Previously known as the Steinmetz Pink, The Pink Star was renamed CTF Pink Star by Dr. Henry Cheng Kar-Shun, chairman of jeweler Chow Tai Fook, after his late father.
The naturally colored diamond is graded Fancy Vivid Pink and internally flawless.
4. De Beers Centenary Diamond: $100 millon
This huge 273.85 carat gemstone is the third largest diamond to have been found in the Premier Mine, South Africa. Only The Cullinan I and II diamonds are bigger.
Mined in 1988, The Centenary Diamond was originally 599 carats, before being cut to a heart shape in a vibration free chamber by Gabi Tolkowsky and his team. It is graded a D color, the highest quality for colorless diamonds.
Although the purchase price and diamond owner are unknown, this gemstone was insured by De Beers for over $100 million.
3. The Hope Diamond: $250 million
This expensive diamond has a rare blue color, due to traces of boron. Weighing 45.52 carats, the gemstone came from the Kollur Mine in India.
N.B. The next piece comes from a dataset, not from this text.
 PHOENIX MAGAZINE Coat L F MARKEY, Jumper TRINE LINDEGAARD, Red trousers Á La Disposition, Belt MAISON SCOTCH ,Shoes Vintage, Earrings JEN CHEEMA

The date of the discovery is unknown, but ownership records go back over 400 years for this exceptional diamond. In 1949, the American gem dealer, Harry Winston bought The Hope Diamond and gave it to the National Museum of Natural History of the United States in 1958.
The diamond has been on display at the museum, a branch of The Smithsonian Institute since then. It is estimated to be worth between $200 – $350 million.
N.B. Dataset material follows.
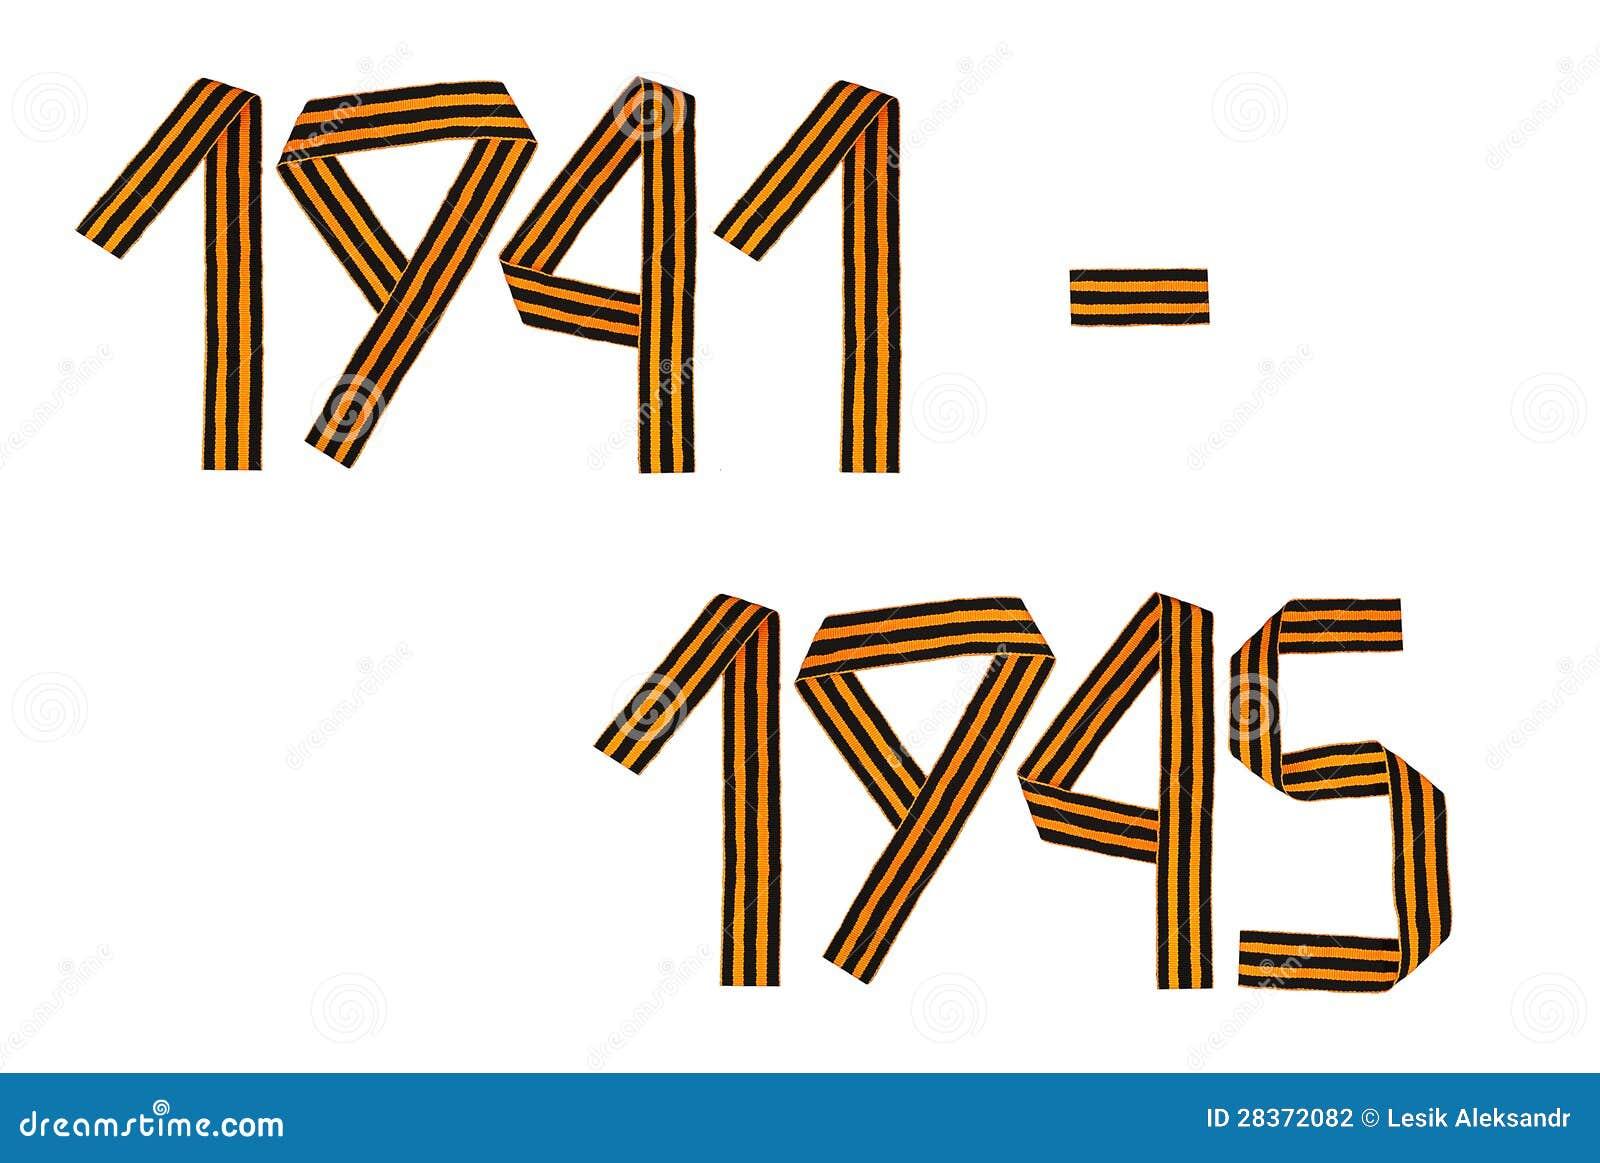 1941 1945 world war ii st george ribbon the symbol of victor royalty free stock photo buycottarizona Gallery

If The Hope Diamond looks familiar to you, that’s because the rare gemstone was the inspiration behind The Heart of the Ocean in the Titanic movie.
2. The Cullinan Diamond: over $400 million
The largest gem quality rough diamond ever discovered, The Cullinan Diamond is now actually a collection of 105 stones of different cuts. Originally weighing an astonishing 3,106.75 carats, the enormous diamond was found at the Premier No.2 mine in Cullinan, South Africa in 1905.
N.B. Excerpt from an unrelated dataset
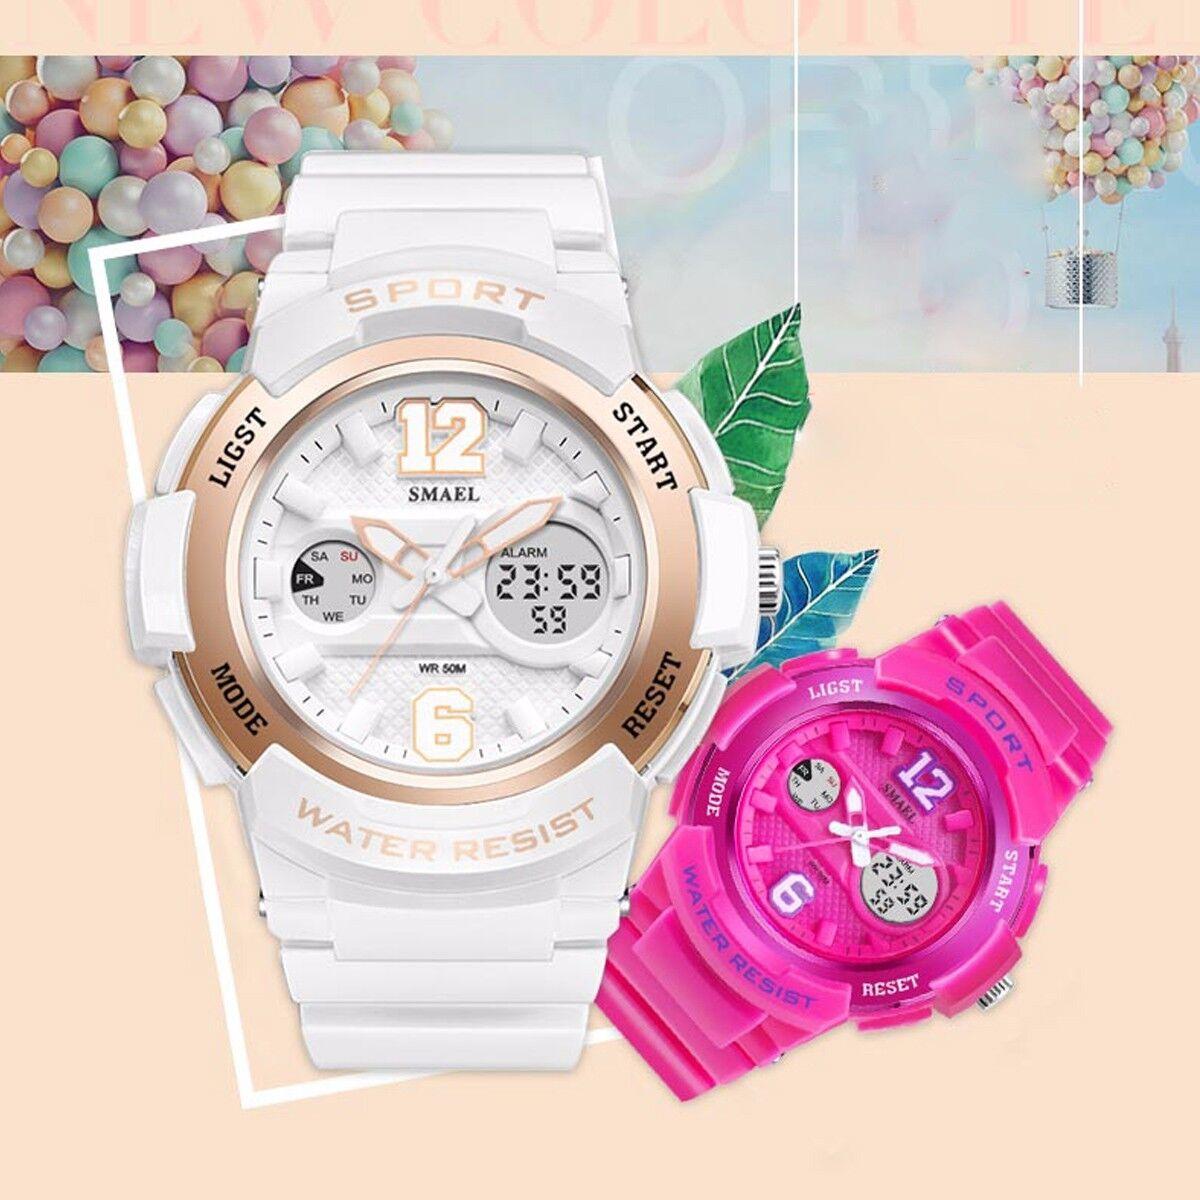 Sport Digital Analog Waterproof LED Quartz Watch Alarm for W

Named after the chairman of the mine, Thomas Cullinan, the rough diamond was cut into 9 major stones totalling 1,055.89 carats and 96 unpolished elements and minor gemstones.
The Cullinan I, also known as the Great Star of Africa, is the largest gem, at 530.4 carats. This is the biggest clear cut diamond in the world.
Owned by Queen Elizabeth II, the Cullinan I is mounted on the sovereign’s spectre, while the Cullinan II is part of the Imperial State Crown. You can see both in The Jewel House at the Tower of London.
If the rough Cullinan Diamond was discovered today, it would potentially be worth over $400 million. This priceless diamond has not been recently valued.
1. Mountain of Light Diamond (Koh-I-Noor): Priceless
Thought to be the most expensive diamond in the world, the Koh-I-Noor is also known as The Mountain of Light. Weighing 105.6 carats, this colorless gemstone is now part of the British Crown Jewels.
The central stone of the Queen Mother’s crown, the Koh-I-Noor diamond is viewed by millions of visitors to the Tower of London each year. The Kohinoor diamond is often said to be cursed, as many male owners lost their power or lives unexpectedly, and it has therefore only been worn by women since 1849.
Thought to have come from India, the gemstone was part of the Mughal Peacock Throne. It was later controversially transferred to Queen Victoria when the British annexed the Punjab. Prince Albert had the gem recut by Coster Diamonds as an oval brilliant.
Although the Koh-i-Noor diamond is considered to be priceless, the entire Crown Jewels themselves are estimated to be worth over $1 billion.
In Conclusion: Most Expensive Diamonds in the World
So what makes a diamond expensive? There are several factors, including the 4 Cs of diamonds – Carat, Cut, Clarity and Color.
But there are other considerations as well, such as where the diamond was mined and its rarity. And then there are the truly rare and extraordinary diamonds that can sell for millions of dollars.
Whether you’re in the market for an engagement ring or just curious about how diamonds get their price tags, we hope this article has given you some insights into the most expensive diamonds in the world.
If a diamond is out of your price league, consider buying one of the slightly cheaper gemstones such as zircon or moissanite which both have an impressive sparkle.